PC Algérien PC Français : nos combats allaient dans le même sens !

Les démocrates, les progressistes, les communistes lillois, ont vécu vendredi 22 mars 2013, une soirée extraordinaire. A l’initiative de Michel Cucheval, et de la section lilloise du PCF, William Sportisse fut le maître d’œuvre d’un débat riche et sans concession.

Avec le concours de Pierre-Jean Le Folle Luciani, William Sportisse vient de publier le parcours de sa vie,Copie_de_Camp_des_oliviers-1-d5d9d celle d’un militant, d’un grand et authentique dirigeant révolutionnaire de l’Algérie coloniale et indépendante.

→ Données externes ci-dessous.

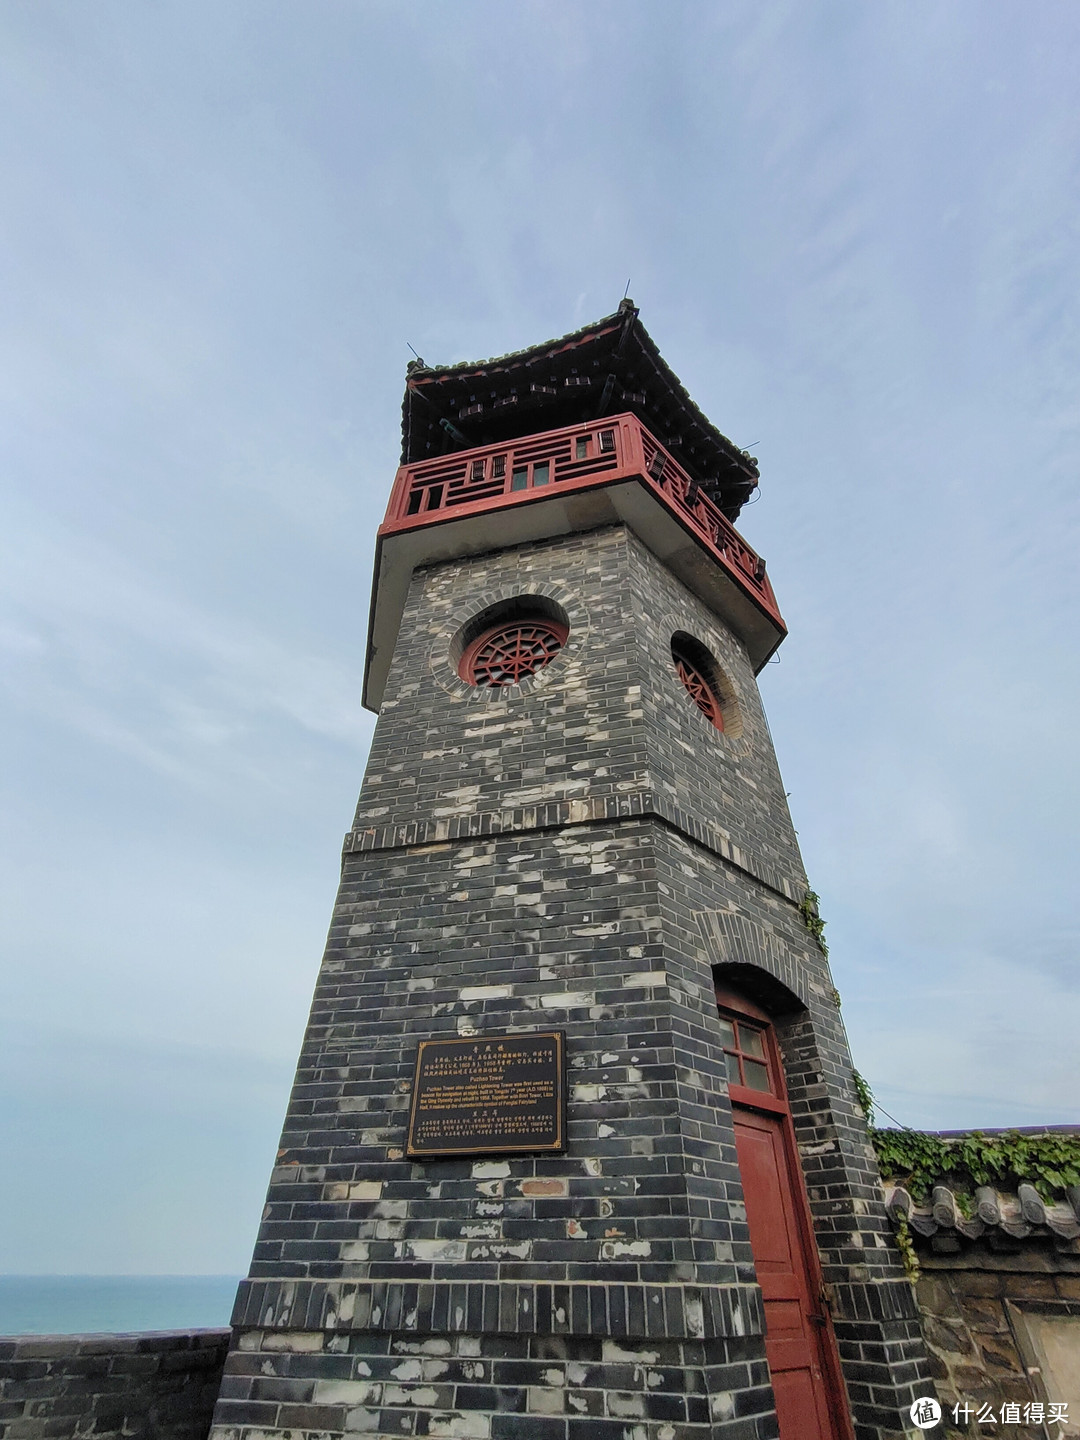 普照楼又名灯楼，位于蓬莱阁东北角的丹崖绝壁之上，始建于清同治七年（1868年），当时作为夜间行船导航用的标灯。目前已失去灯塔的作用，成为一处标志性建筑。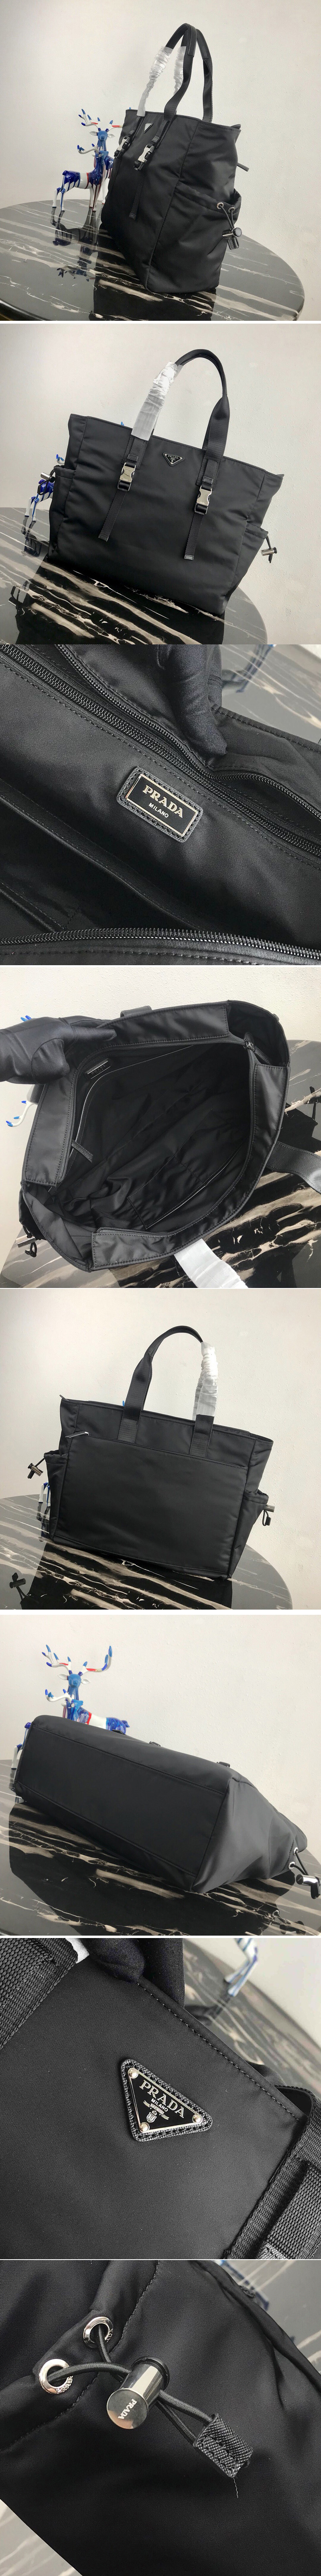 Replica Prada Bags

William Sportisse naquit à Constantine (Qacentina) en 1924, dans une famille juive.

La colonisation de l’Algérie ne fut pas facile, il fallut quarante ans à l’armée française. Les résistances furent nombreuses et elles continuèrent à exister malgré la main mise de l’administration, des banquiers et des colons de la métropole sur les richesses et les populations.

En 1870, le décret Crémieux donne des droits civiques aux populations d’origine juive. Alors que l’Algérie est très vite divisée en trois départements, les populations d’origines arabes ou kabyles ne bénéficient, pour la plupart, d’aucun droit. La vie politique et économique est dominée par les colonisateurs.

Lucien, le frère aîné de William, était dés les années vingt, un militant communiste. Arabophone, il mobilisait les paysans du constantinois. Ainsi en 1934, se souvient William Sportisse, les paysans revendiquèrent face aux colons. Le jeune Parti Communiste fut l’organisateur de ce mouvement.

Pour briser la contestation dans l’œuf, colons et bourgeois locaux dressèrent les populations musulmanes contre la bourgeoisie juive. Quelques provocations facilitèrent cette pratique immonde.

Mais…et le débat s’engage. Saïd Bouamama intervient. Ainsi William Sportisse précise :

« A la veille de la deuxième guerre mondiale, Maurice Thorez, secrétaire général du PCF, vient à Alger. Lors de ces meetings, Thorez utilise l’expression en parlant de l’Algérie : « une nation en formation ». Certes, ces propos sont en de ça des analyses de certains mouvements nationalistes et même du PCA. Mais c’était la première fois qu’un homme politique français osait parler, à propos de l’Algérie, de nation en formation. A l’époque le PCA n’a pas critiquer cette analyse, seize ans plus tard nous l’avons fait. Peut être aurions nous pu la faire plus tôt. Mais les mots de Thorez étaient en 39, très novateurs. »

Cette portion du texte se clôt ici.